Had our critics inquired concerning more modern warfare, their Hessian neighbours would have told them that in the North American revolutionary contest, in that six years’ war of surprises, skirmishes, and ambuscades, among unequalled woods and wildernesses, the British soldier in himself was more than a match for the skirmisher-bred American woodsman; and, to say the least, as alert and intelligent at the outposts as his well-trained German fellow-combatants. The struggle, indeed, ended unsuccessfully to Britain; but, let the blame rest where it may, it cannot be thrown upon the British soldier; he never came short of his duty.

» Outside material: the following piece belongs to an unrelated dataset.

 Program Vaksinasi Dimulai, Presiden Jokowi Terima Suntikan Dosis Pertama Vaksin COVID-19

In the protracted and astonishing conquest of Hindoostan, which had some European inimical spectators, the flank companies of battalions did three-fourths of the work; not only concentrated at the breach and escalade, but also, when necessity required it, extended in the jungle.

And to come to those contests which offer the fairest estimate of the British soldier as he now is, and with which all civilized military critics may be expected to have become acquainted, the European campaigns of the Duke of Wellington; it is not sounding an empty boast, but a note of most sober and honest truth to say, that, than the British light troops of his army, better never guarded a camp or fought in a skirmish. In a fluctuating war of eight campaigns, over many hundred miles of varying country, opposed to the bravest and most intelligent soldiers of the continent, none were ever more constantly conquerors in action or more successfully vigilant on outpost duty.

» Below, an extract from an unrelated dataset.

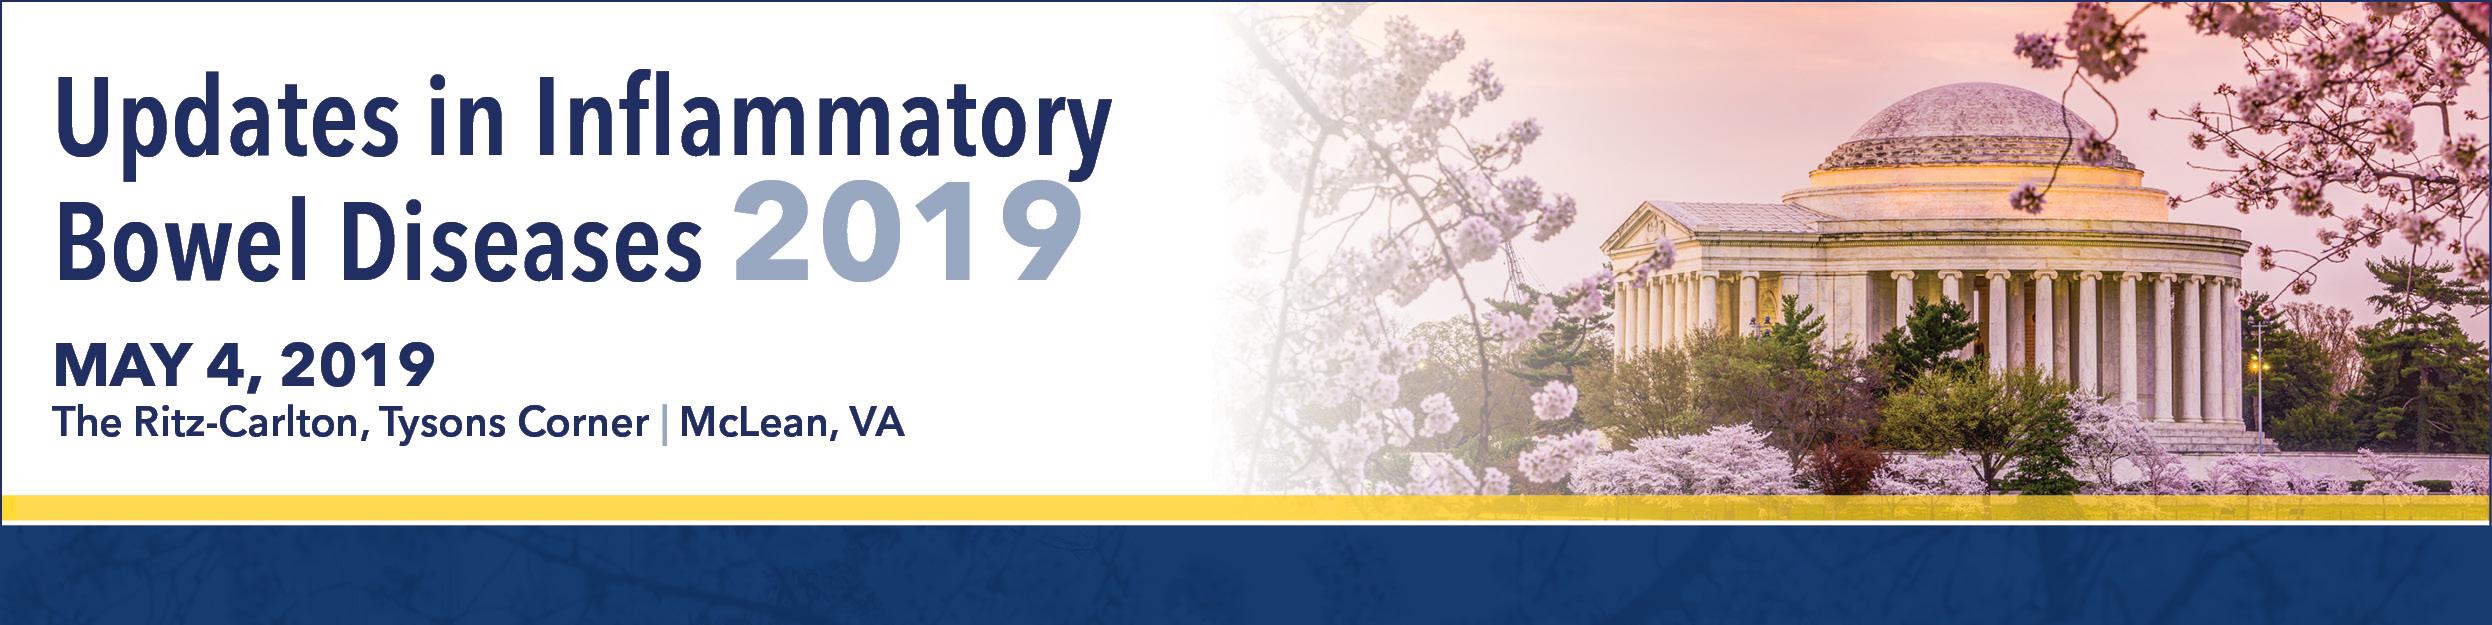 Updates in Inflammatory Bowel Diseases 2019 Banner

It is true, indeed, that the British light infantry man has a practical system in some important particulars peculiar to himself; and in none more so than that, under all circumstances, he continues the well-disciplined soldier, never systematically assuming the character of the loose, lawless, free-corps freebooter. From this last peculiarity may have arisen the incorrect impressions of our foreign contemporaries. We, however, glory in the difference, and affirm that stern discipline and high soldier-like principle must form the basis of thorough military efficiency to the full as much in the light and extended services, as in those of a more concentrated description.

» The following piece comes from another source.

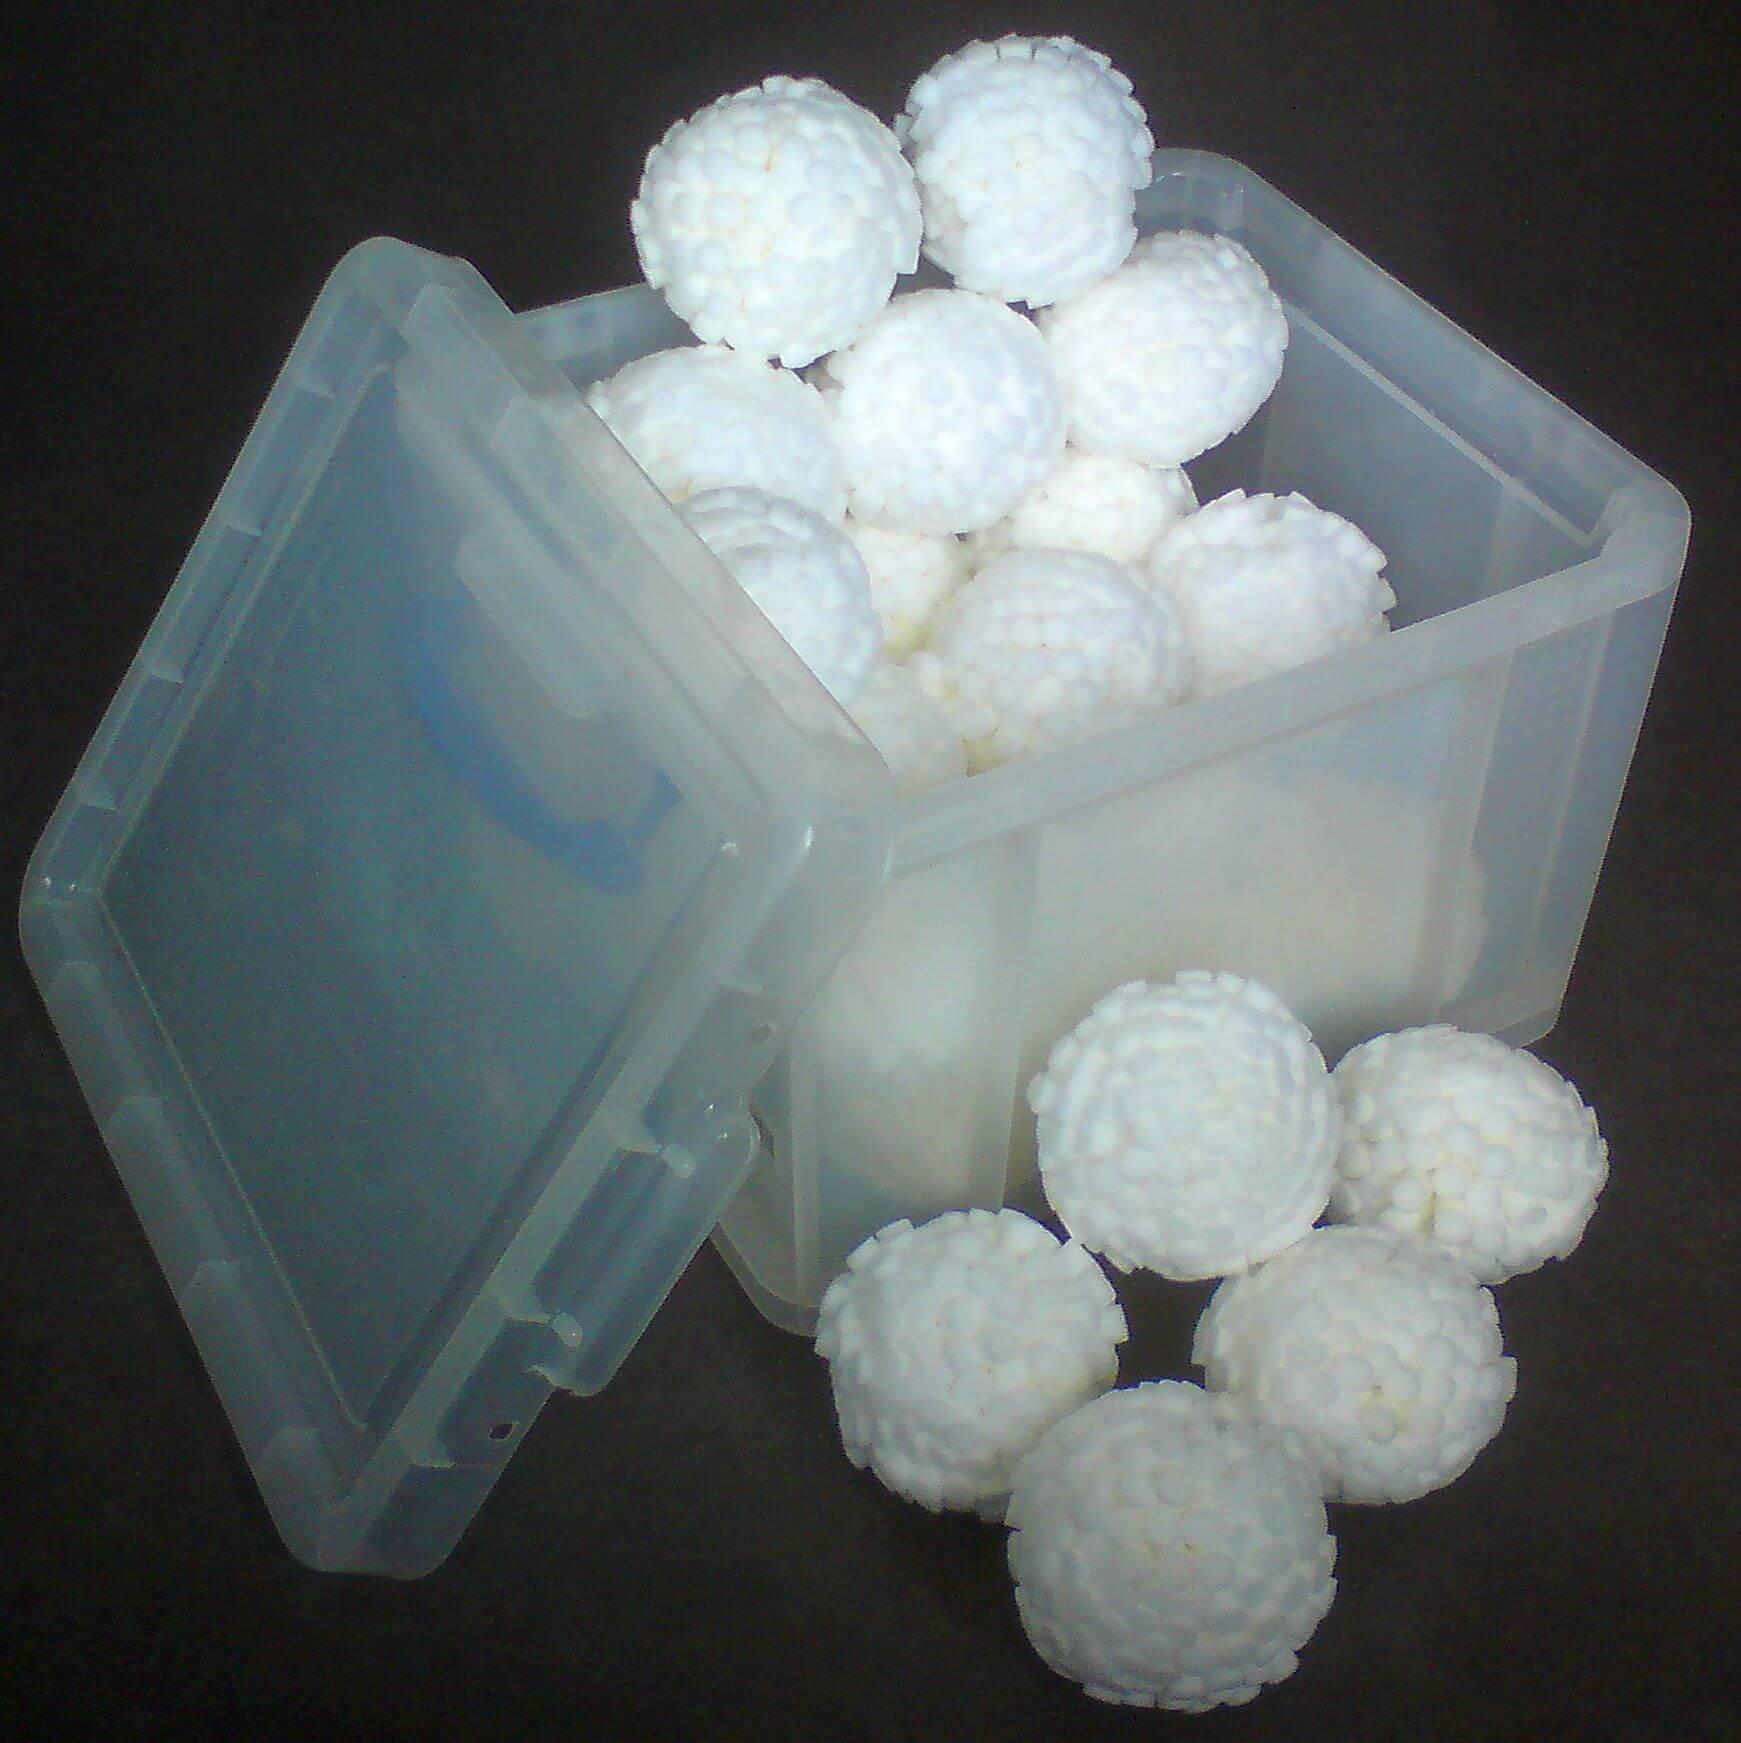 Opbergbox met 27 Droge Sneeuwballen

Free corps originate in long internal wars. Happily for Britain, she of late has not been distinguished for such nurseries of irregular military skill; but when her territories were desolated by them, there were not wanting bodies of this description as active, intelligent, and enterprising as any that ever graced the continent of Europe.

To assist in keeping up the remembrance of the essentials of the practical system of the modern British light infantry man, in that important branch of his duty, skirmishing; in order that foreigners, whatever be their theories, may continue to receive, when necessity requires it, practical evidence that British soldiers can act as light infantry, is the principal object of the Author in submitting to the army the following observations.

1837.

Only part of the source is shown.